== Data section
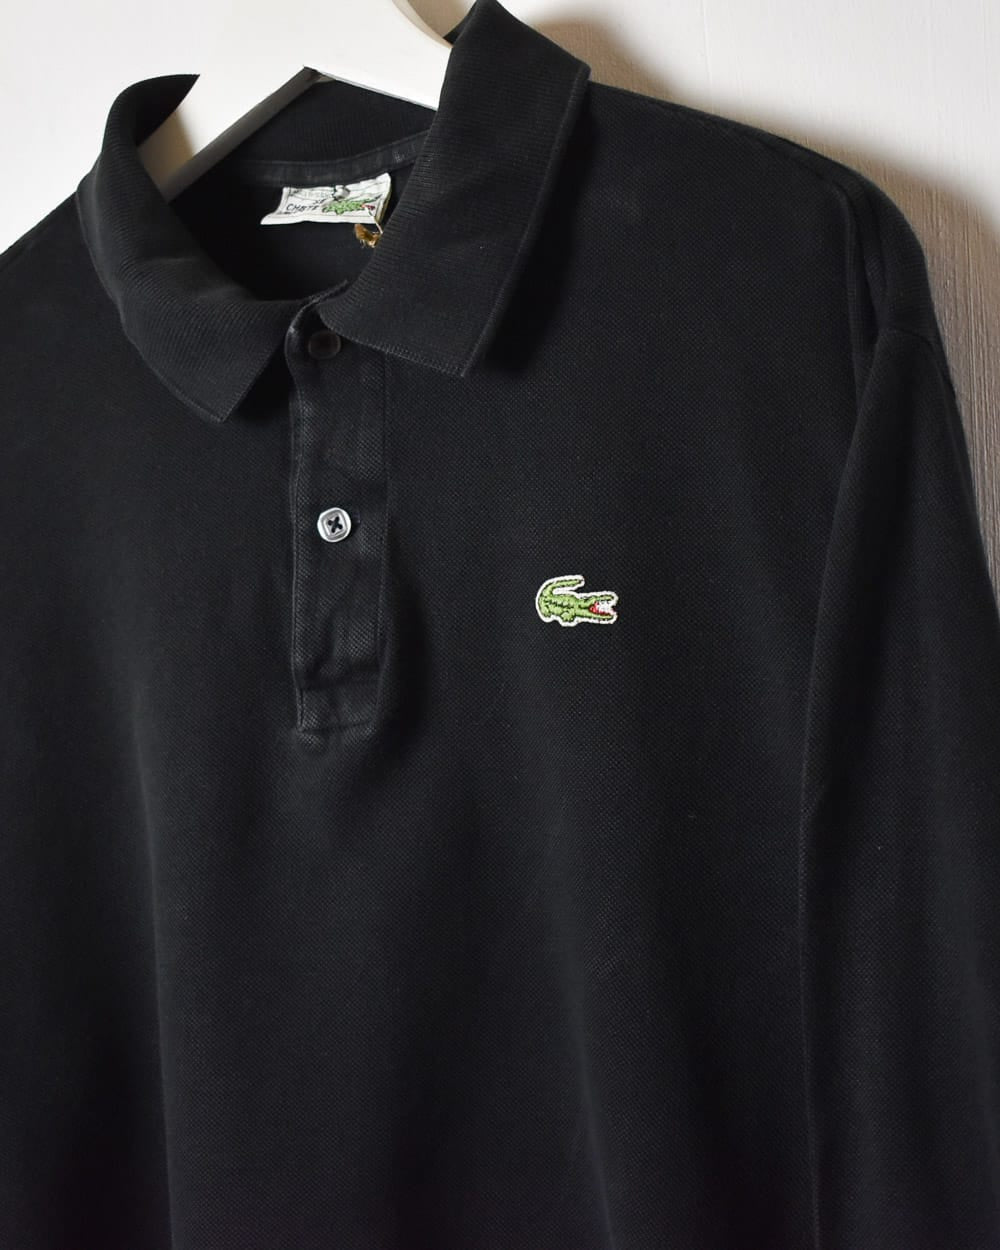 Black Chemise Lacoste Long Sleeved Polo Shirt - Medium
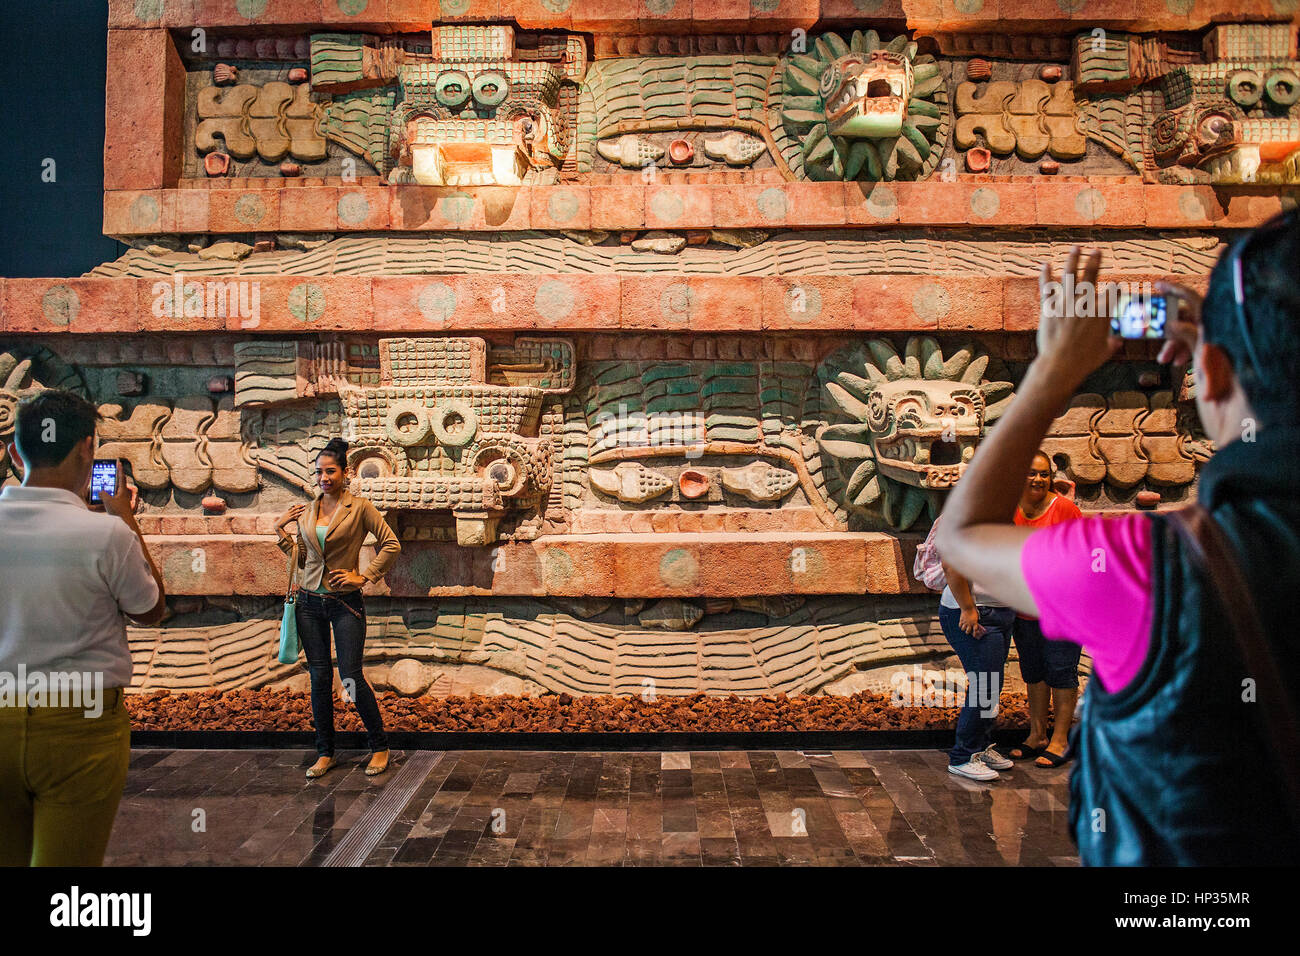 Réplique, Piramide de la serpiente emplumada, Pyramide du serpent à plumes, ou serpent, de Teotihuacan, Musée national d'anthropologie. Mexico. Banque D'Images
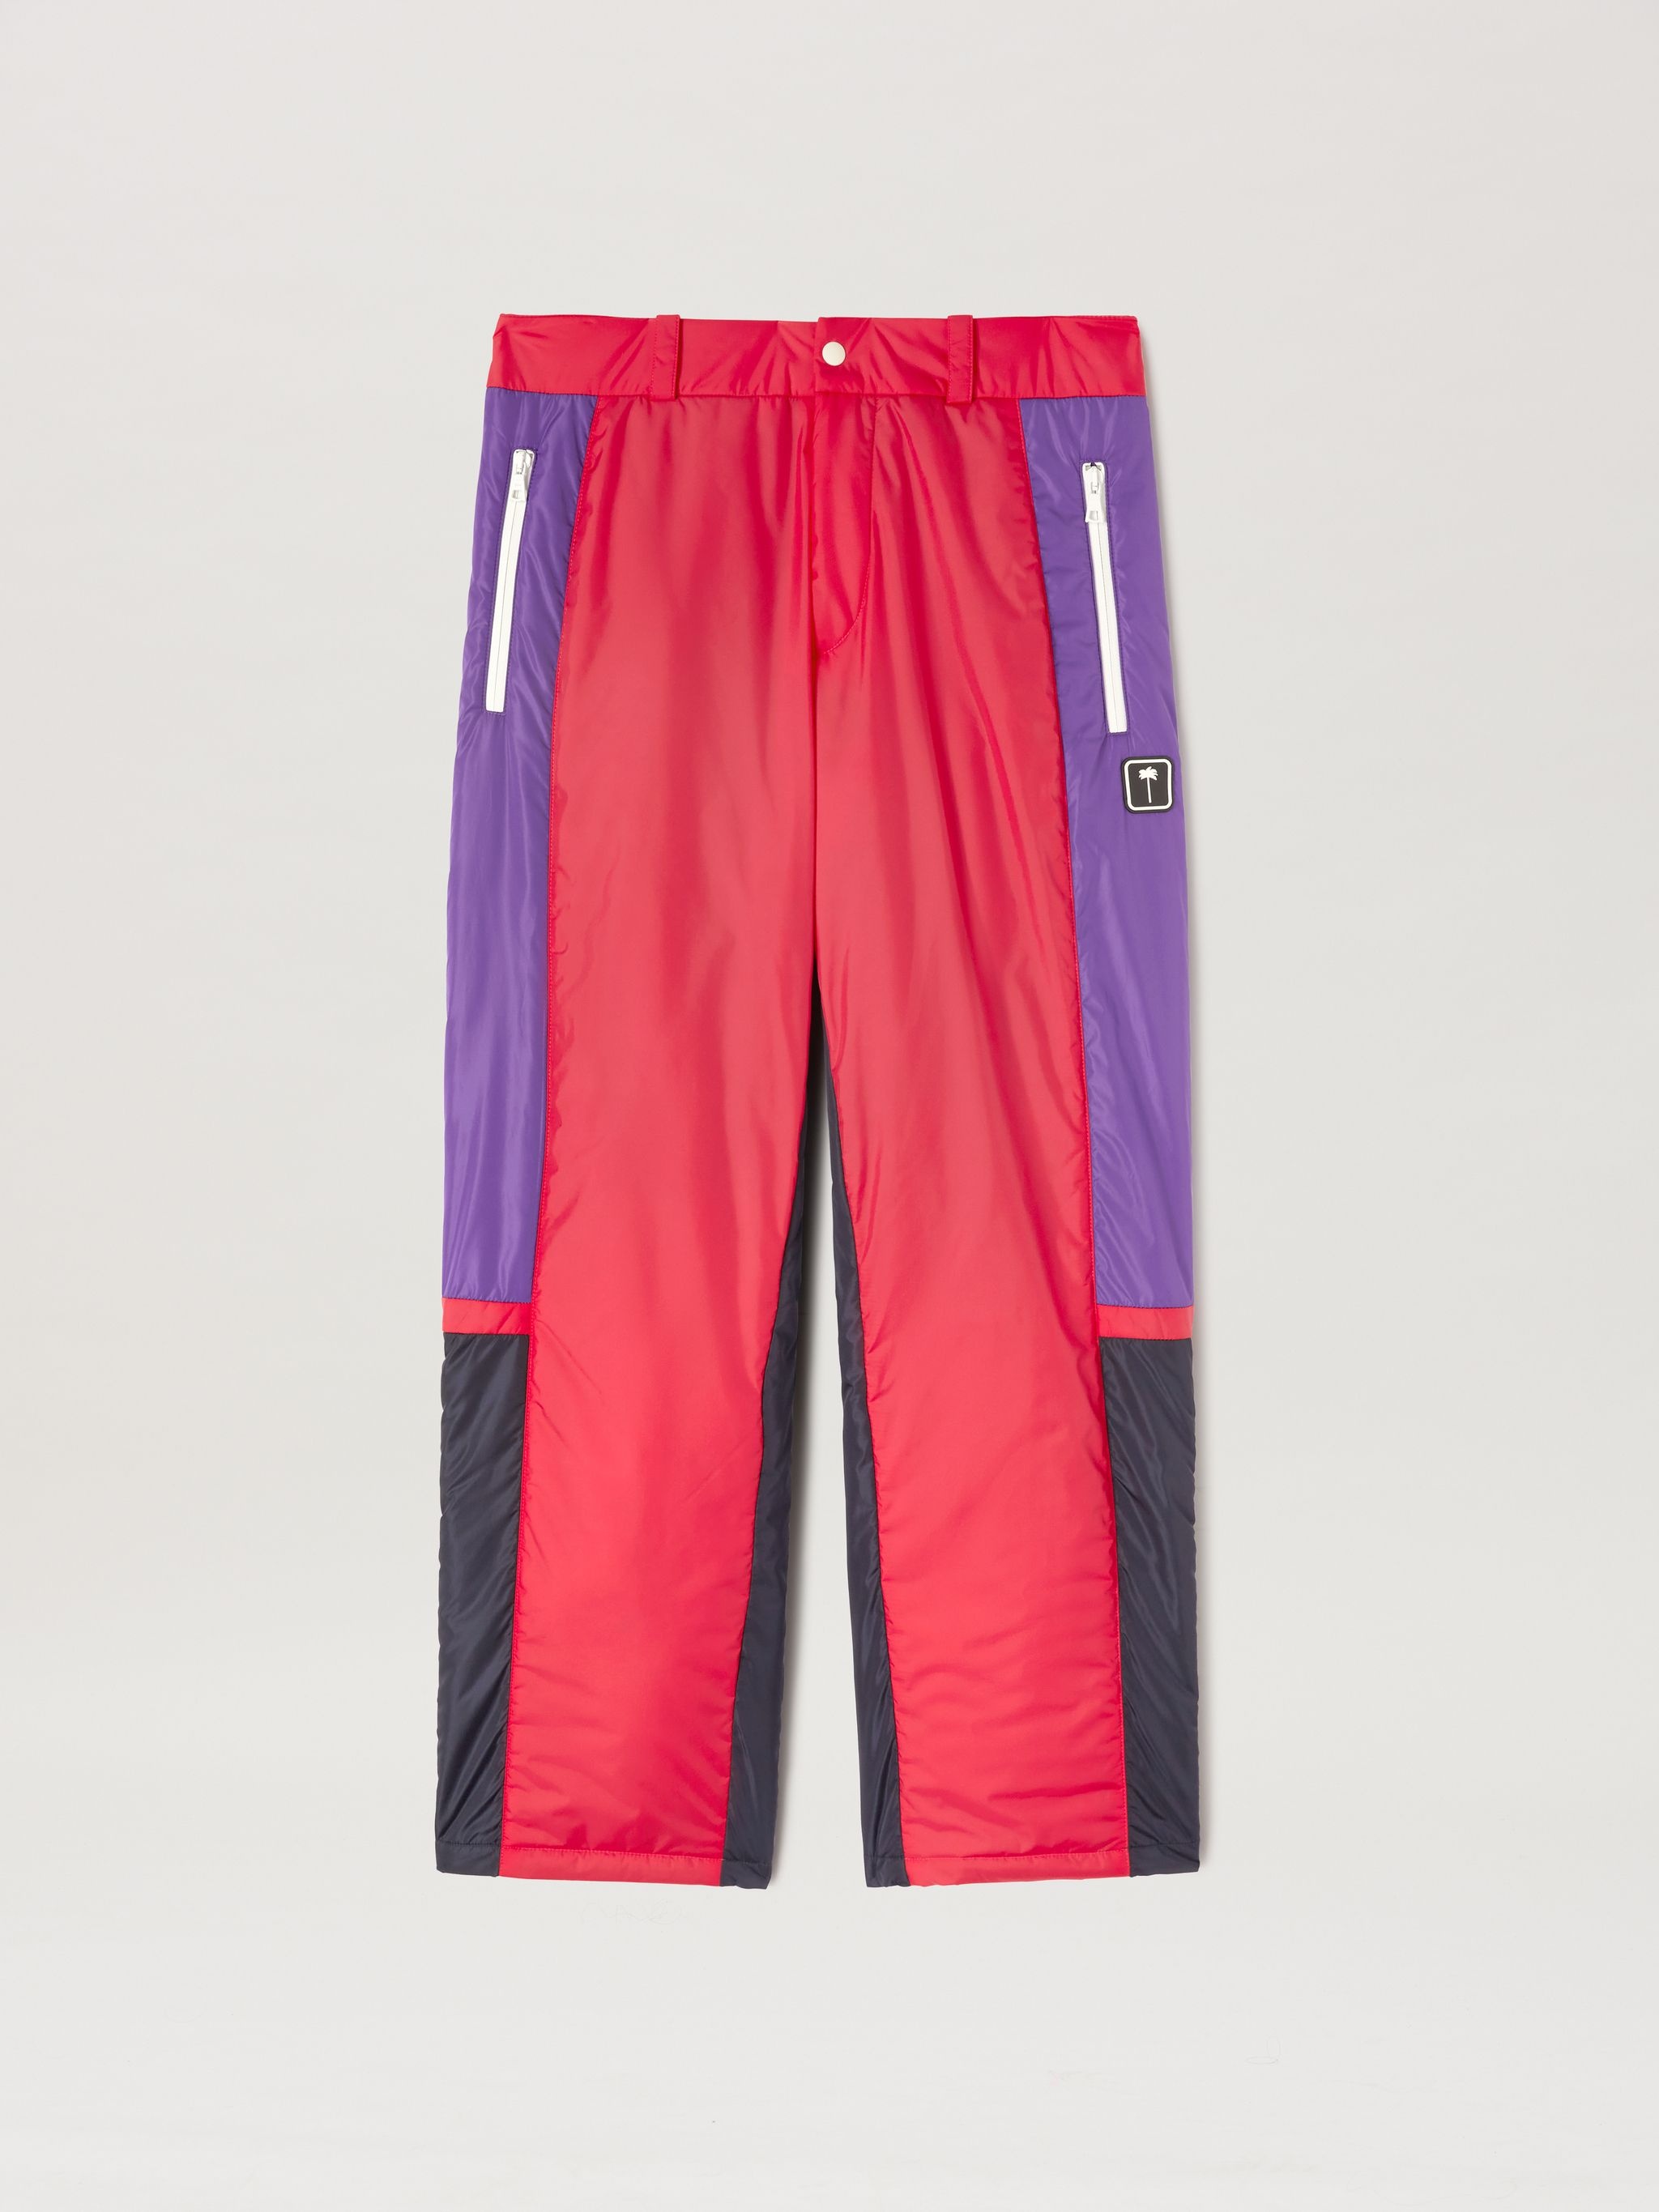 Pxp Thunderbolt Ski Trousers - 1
====
Top to bottom, retype the listing exactly but drop every picture.

 Black Chemise Lacoste Long Sleeved Polo Shirt - Medium
 Réplique, Piramide de la serpiente emplumada, Pyramide du serpent à plumes, ou serpent, de Teotihuacan, Musée national d'anthropologie. Mexico. Banque D'Images
 Pxp Thunderbolt Ski Trousers - 1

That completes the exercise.